We train the model by minimizing the negative log-likelihood. In the objective function the last term $\log (y_{s,p,o}!)$ can be neglected, as it does not depend on the model parameters. Thus the cost function for the whole training dataset becomes

$$\begin{aligned} \textit{cost} = \sum _{(s,p,o)} \eta (\theta (s,p,o)) - y_{s,p,o} \log \eta (\theta (s,p,o)). \end{aligned}$$

(7)

Using this framework, we can train any of the link prediction methods described in Sect. 2, by plugging the prediction into the cost function and minimizing the cost function using a gradient-descent based optimization algorithm. In this work we use Adam, a recently proposed first-order gradient-based optimization method with adaptive learning rate [14].

3.3 Visual Model

Our visual model is similar to the approach used in [18]. Figure 3 shows the involved steps. An image is first fed to an RCNN, which generates region proposals for a given image. The region proposals are represented as bounding boxes within the image. The visual model further consists of two convolutional neural networks (CNNs). The first CNN which we denote as $\textit{CNN}_e$ takes as input the subregion of the image defined by a bounding box and classifies entities from the set $\mathcal {E}$.

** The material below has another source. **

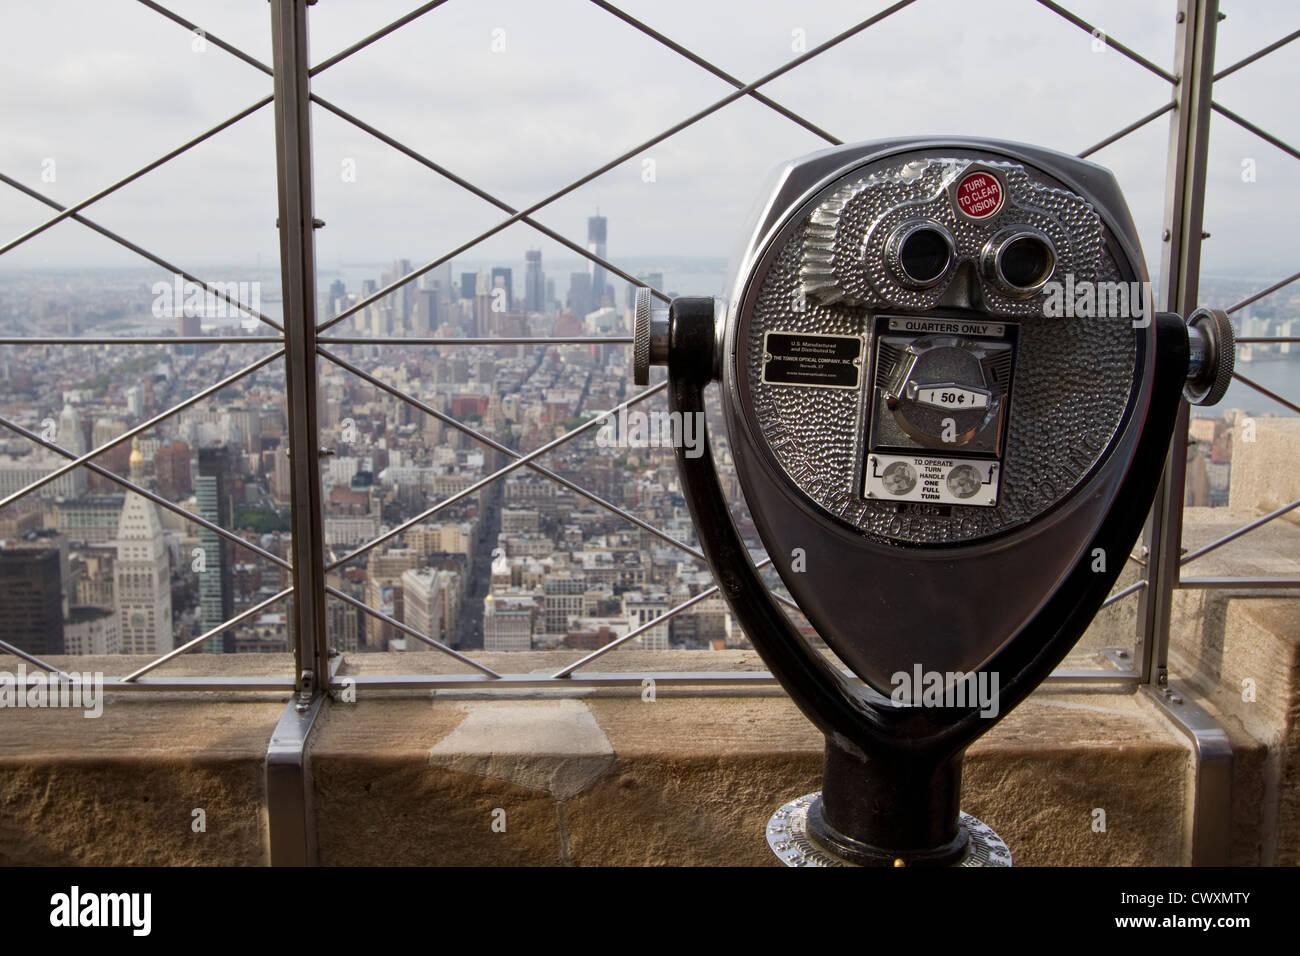 Un mirino al 86º piano osservatorio sull'Empire State building. Immagini Stock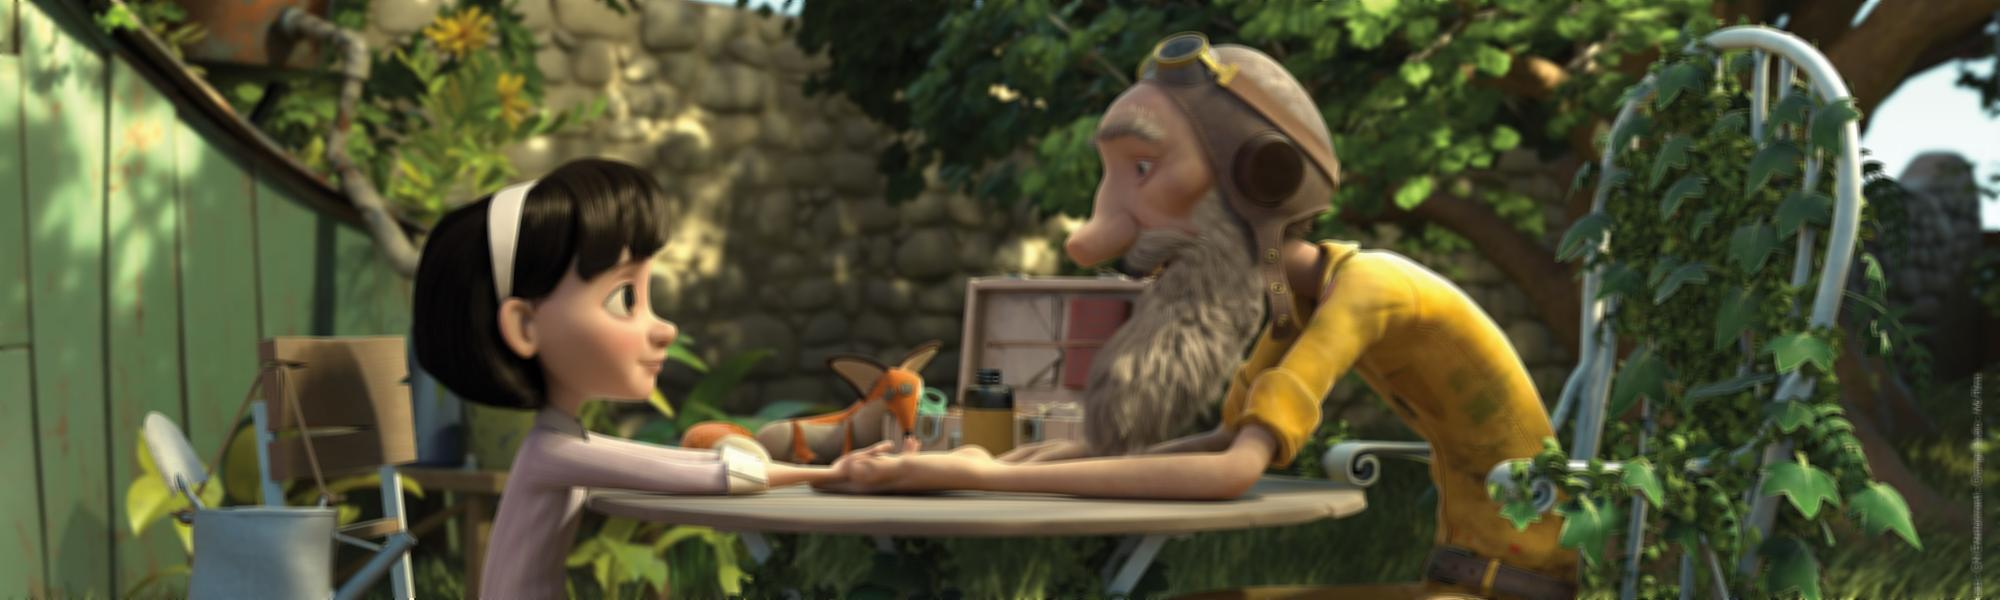 Filme O Pequeno Principe 2015 for o pequeno príncipe - 20 de agosto de 2015   filmow

The second CNN, which we denote as $\textit{CNN}_r$ takes the union region of two bounding boxes as an input, and classifies the relationship from the set $\mathcal {R}$. While training, both CNNs use the regions (bounding boxes) provided in the training data.

For new images, we derive the regions from the RCNN. We build all possible pairs of regions, where each pair consists of a region $i_s$ and $i_o$. We apply $\textit{CNN}_e$ to the regions, to derive the classification scores $\textit{CNN}_e(s | i_s)$ and $\textit{CNN}_e(o | i_o)$. Then the union of the regions $i_s$ and $i_o$ is fed to $\textit{CNN}_r$ to derive the score $\textit{CNN}_r(p | i_p)$, where $i_p = union(i_s, i_o)$. Figure 2 shows an example of the bounding boxes of the subject and the object, as well as the union of the bounding boxes, which relates to the predicate of the triple.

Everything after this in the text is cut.